5.2.3 The Mode of a Quantitative Variable
One other less common measure of the center of a quantitative variable’s distribution is its most frequently observed value, referred to as the mode. This measure is only appropriate for discrete variables, be they quantitative or categorical.
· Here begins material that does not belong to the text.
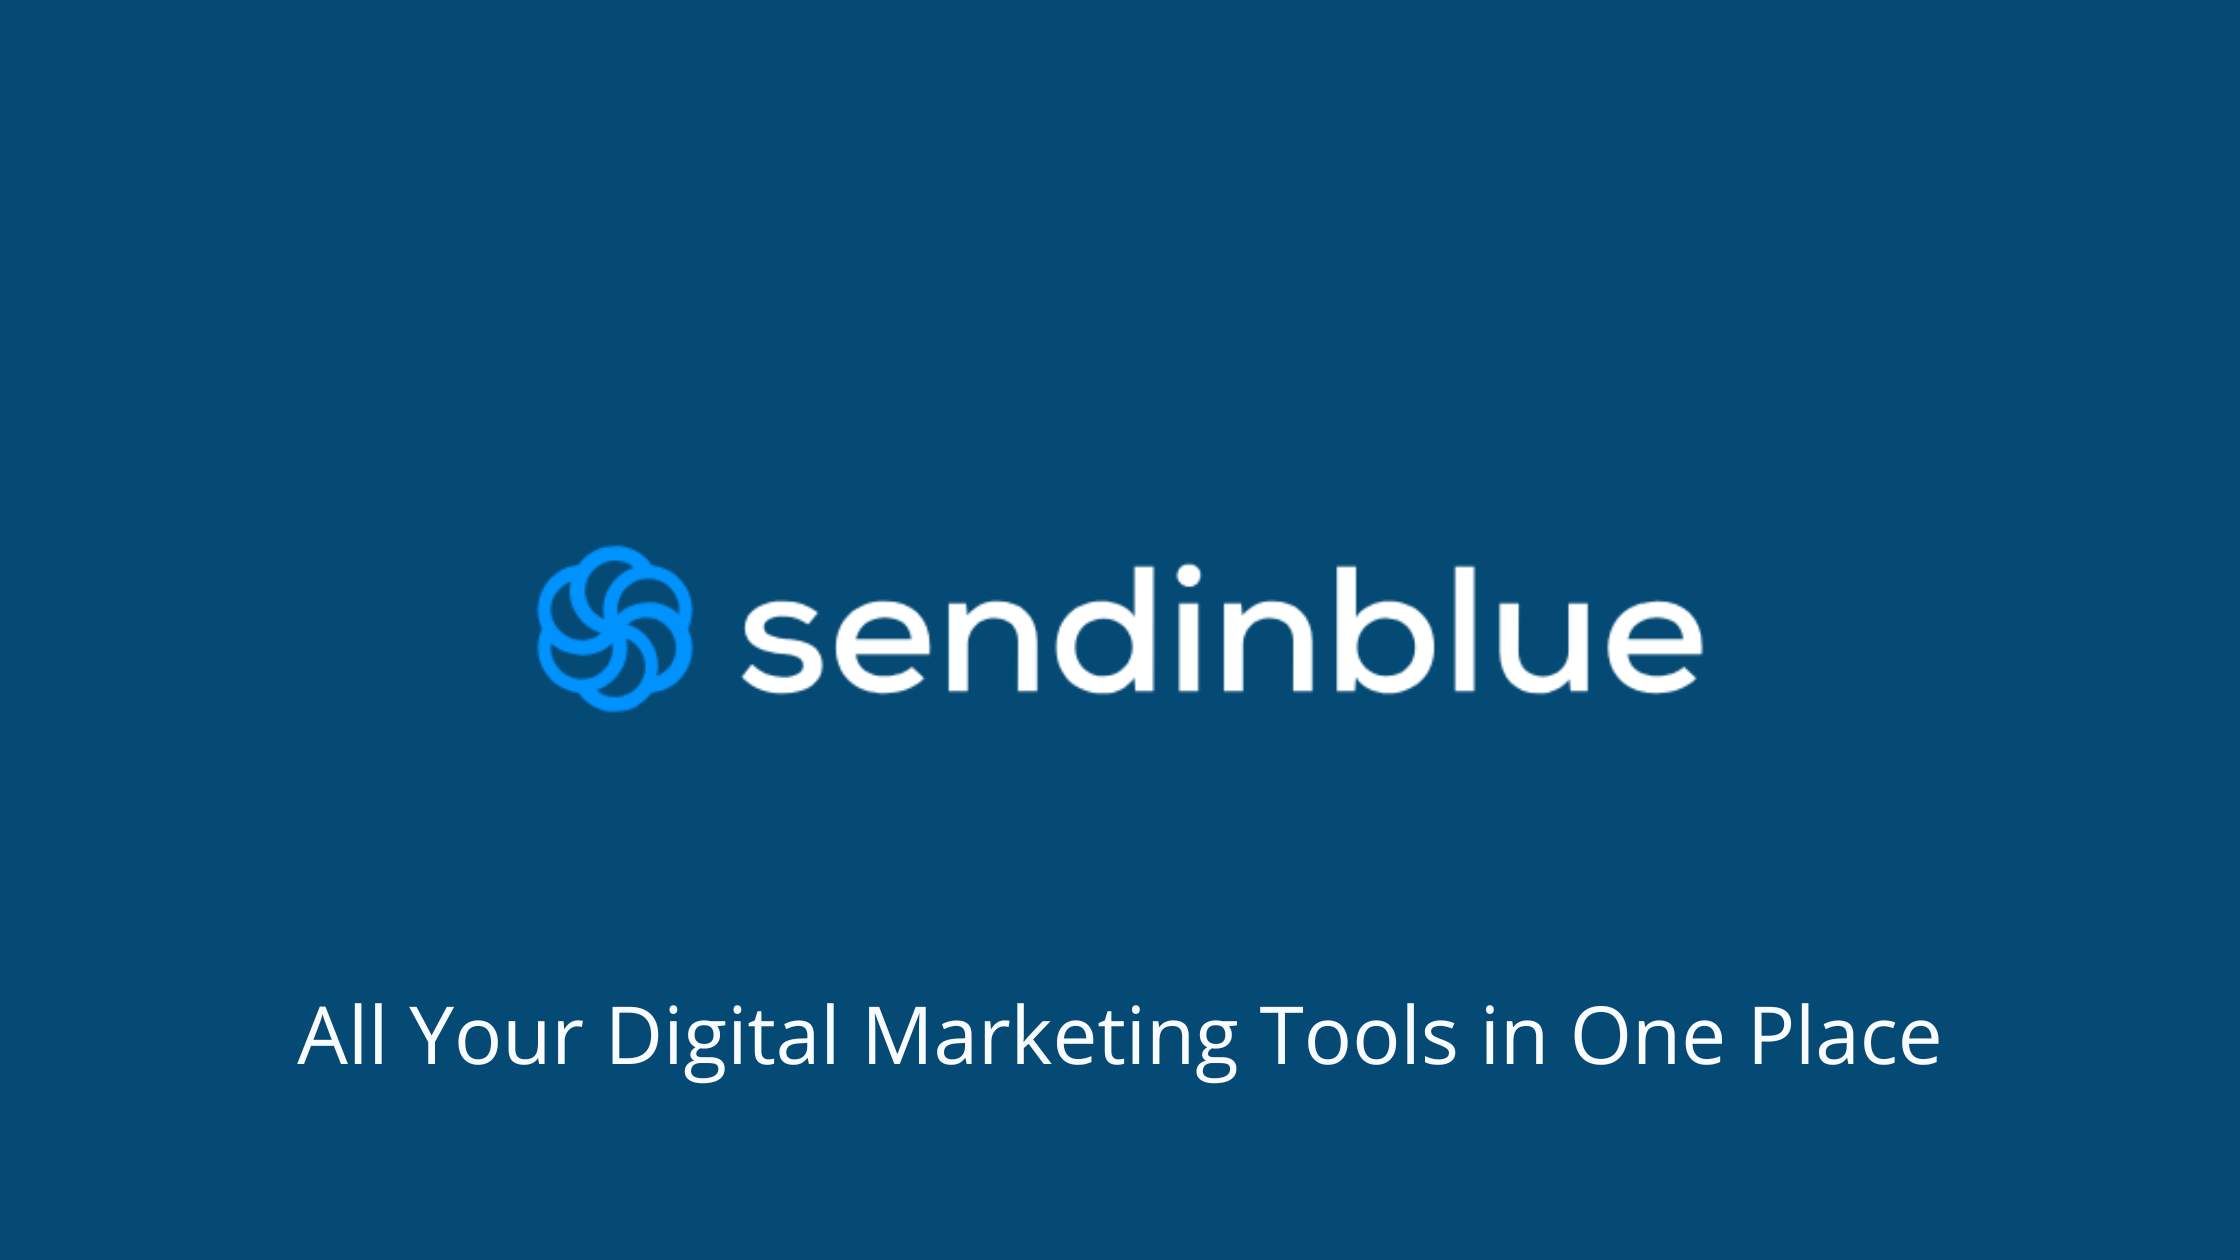 All Your Digital Marketing Tools in One Place

To find the mode, we usually tabulate the data, and then sort by the counts of the numbers of observations.
nh_adults %>%
group_by(Age) %>%
summarise(count = n()) %>%
arrange(desc(count))
# A tibble: 44 x 2
Age count
<int> <int>
1 56 19
2 50 18
3 28 16
4 37 16
5 42 16
6 49 15
7 24 13
8 27 13
9 39 13
10 46 13
# ... with 34 more rows
Note the use of three different “verbs” in our function there - for more explanation of this strategy, visit Grolemund and Wickham (2017).
As an alternative, the modeest
package’s mfv
function calculates the sample mode (or most frequent value).6
5.3 Measuring the Spread of a Distribution
Statistics is all about variation, so spread or dispersion is an important fundamental concept in statistics. Measures of spread like the inter-quartile range and range (maximum - minimum) can help us understand and compare data sets. If the values in the data are close to the center, the spread will be small. If many of the values in the data are scattered far away from the center, the spread will be large.
5.3.1 The Range and the Interquartile Range (IQR)
The range of a quantitative variable is sometimes interpreted as the difference between the maximum and the minimum, even though R presents the actual minimum and maximum values when you ask for a range…
nh_adults %>%
select(Age) %>%
range()
[1] 21 64
And, for a variable with missing values, we can use…
nh_adults %>%
select(BMI) %>%
range(., na.rm=TRUE)
[1] 17.8 69.0
A more interesting and useful statistic is the inter-quartile range, or IQR, which is the range of the middle half of the distribution, calculated by subtracting the 25th percentile value from the 75th percentile value.
nh_adults %>%
summarise(IQR(Age), quantile(Age, 0.25), quantile(Age, 0.75))
# A tibble: 1 x 3
`IQR(Age)` `quantile(Age, 0.25)` `quantile(Age, 0.75)`
<dbl> <dbl> <dbl>
1 22 31 53
We can calculate the range and IQR nicely from the summary information on quantiles, of course:
nh_adults %>%
select(Age, BMI, SBP, DBP, Pulse) %>%
summary()
Age BMI SBP DBP
Min. :21.0 Min. :17.80 Min. : 84.0 Min. : 19.00
1st Qu.:31.0 1st Qu.:24.20 1st Qu.:109.0 1st Qu.: 65.00
Median :42.0 Median :27.70 Median :118.0 Median : 72.00
Mean :42.1 Mean :28.73 Mean :118.6 Mean : 72.25
3rd Qu.:53.0 3rd Qu.:32.10 3rd Qu.:127.0 3rd Qu.: 79.00
Max. :64.0 Max. :69.00 Max. :202.0 Max. :105.00
NA's :3 NA's :15 NA's :15
Pulse
Min. : 46.00
1st Qu.: 64.00
Median : 72.00
Mean : 72.96
3rd Qu.: 80.00
Max. :120.00
NA's :15
5.3.2 The Variance and the Standard Deviation
The IQR is always a reasonable summary of spread, just as the median is always a reasonable summary of the center of a distribution. Yet, most people are inclined to summarise a batch of data using two numbers: the mean and the standard deviation. This is really only a sensible thing to do if you are willing to assume the data follow a Normal distribution: a bell-shaped, symmetric distribution without substantial outliers.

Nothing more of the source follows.